Mardi 20 septembre, une centaine de courtiers en crédit immobilier a manifesté devant la Banque de France pour réclamer un relèvement significatif des taux d'usure. L'accès au crédit et par extension à la propriété risque malheureusement de rester bloqué, l'institution n'ayant nullement l'intention de changer un iota à la méthode de calcul en place depuis 2016.
Les courtiers en colère
Après des semaines, voire des mois, d'interpellation dans les médias, et d'une pétition en ligne, les courtiers ont employé les grands moyens ce mardi 20 septembre en manifestant devant la Banque de France (BdF). Le motif de cette mobilisation sans précédent ? Le taux d'usure 2022, ce taux maximum légal que les banques commerciales ne doivent pas dépasser lors de l'octroi d'un crédit immobilier.
Instauré pour éviter toute éventuelle pratique abusive du prêteur, le taux d'usure est depuis des mois facteur de blocage et responsable, d'après les intermédiaires, d'un très grand nombre de refus de financement. Les courtiers avancent le taux de refus de 45% depuis août et chez certains professionnels, les dossiers recalés représenteraient 70% de leurs demandes. Des chiffres contestés par le BdF qui affirme que le marché immobilier reste dynamique malgré la remontée des taux d'emprunt depuis mars dernier, amplifiée par la nouvelle hausse en septembre 2022.
La délégation, menée par l'Union des intermédiaires de crédit (UIC), a demandé à la BdF une "rehausse exceptionnelle de l'usure au 1er octobre", vœu qui ne sera pas exaucé. François Villeroy de Galhau, le gouverneur de la BdF, a rappelé que le rôle de la BdF était de calculer l'usure sur la base des dispositions légales pour protéger les emprunteurs, et qu'il n'y avait aucun mépris ni déni de la profession, comme ont pu le dénoncer dernièrement certains acteurs.
Taux d'usure au T4 2022 : une révision insuffisante
Dans un communiqué publié à l'issue de cette manifestation, la BdF rappelle que "le taux d'usure sera normalement relevé le 1er octobre, de façon bien proportionnée et plus marquée qu'en juin dernier, en accord avec le Ministre de l'économie et des finances". L'institution affirme que ce relèvement permettra "de régler certaines situations les plus difficiles d'accès au crédit relevées ces dernières semaines".

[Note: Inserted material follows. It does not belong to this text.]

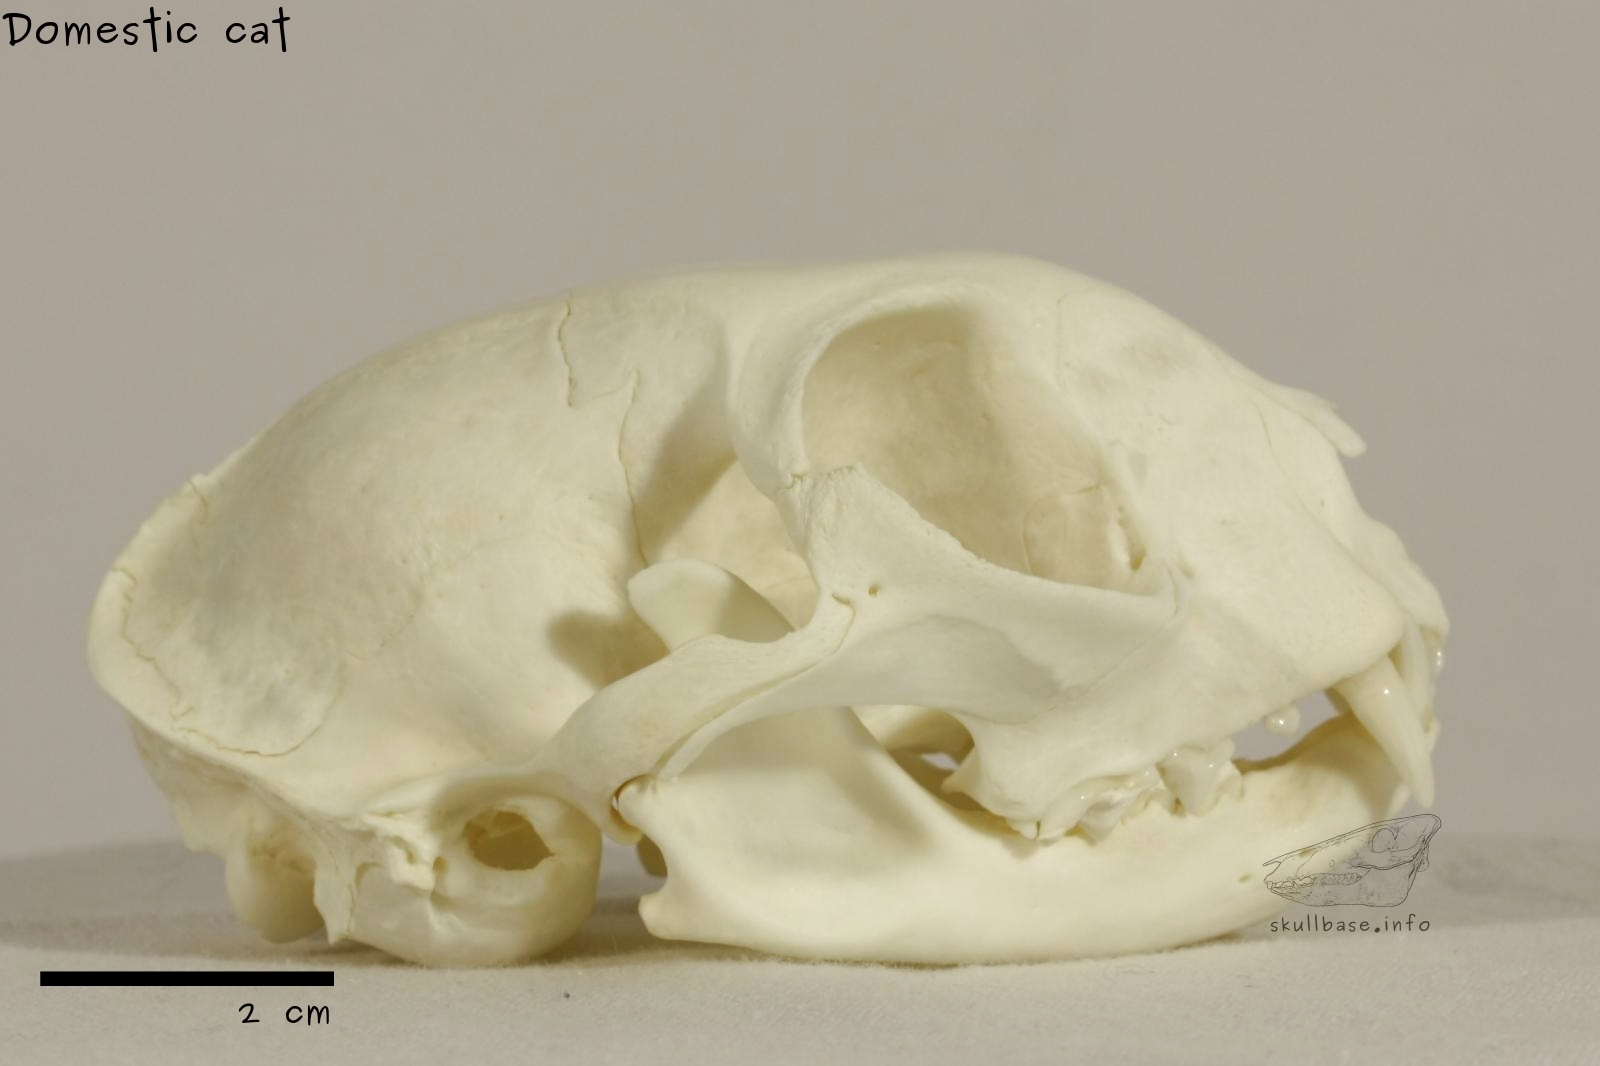 Domestic cat (Felis catus) skull lateral view

La méthode de calcul est en cause, car elle génère un décalage trop important entre le moment où l'usure est fixée par la BdF et les taux d'intérêt du marché. Face à la remontée très nette de ces derniers, la stagnation de l'usure pour un long trimestre entraîne un effet ciseau pour bon nombre de candidats à l'emprunt. Comment justifier à des ménages solvables qui rêvent d'accéder à la propriété que le crédit immobilier reste bon marché, mais inaccessible ?
Sont principalement concernés les plus de 55 ans, profils pénalisés par le coût de l'assurance prêt immobilier, mais aussi les jeunes primo-accédants, empêchés par les règles d'octroi qui renforcent l'exigence d'apport personnel par deux limites imposées :
- le taux d'endettement est plafonné à 35% des revenus nets ;
- la durée de remboursement est limitée à 25 ans (jusqu'à 27 ans en cas d'acquisition dans le neuf ou dans l'ancien avec travaux d'envergure).
La hausse prévue du taux d'usure au 1er octobre risque de faire perdurer le problème et de bloquer une partie des transactions. Pour mémoire, le taux d'usure est le TAEG à ne pas outrepasser sur la durée concernée. Pour les prêts remboursés sur 20 ans et plus, le taux d'usure est actuellement de 2,57%. Avec un taux nominal à 2% sur 20 ans, l'équation est bien compliquée pour intégrer tous les frais liés à l'obtention du crédit, à commencer par l'assurance de prêt, deuxième coût après les intérêts d'emprunt.
Quelle que soit la marge permise par les nouveaux taux légaux au dernier trimestre 2022, la délégation d'assurance emprunteur reste le seul levier efficace pour rester sous l'usure et obtenir le financement de son projet immobilier.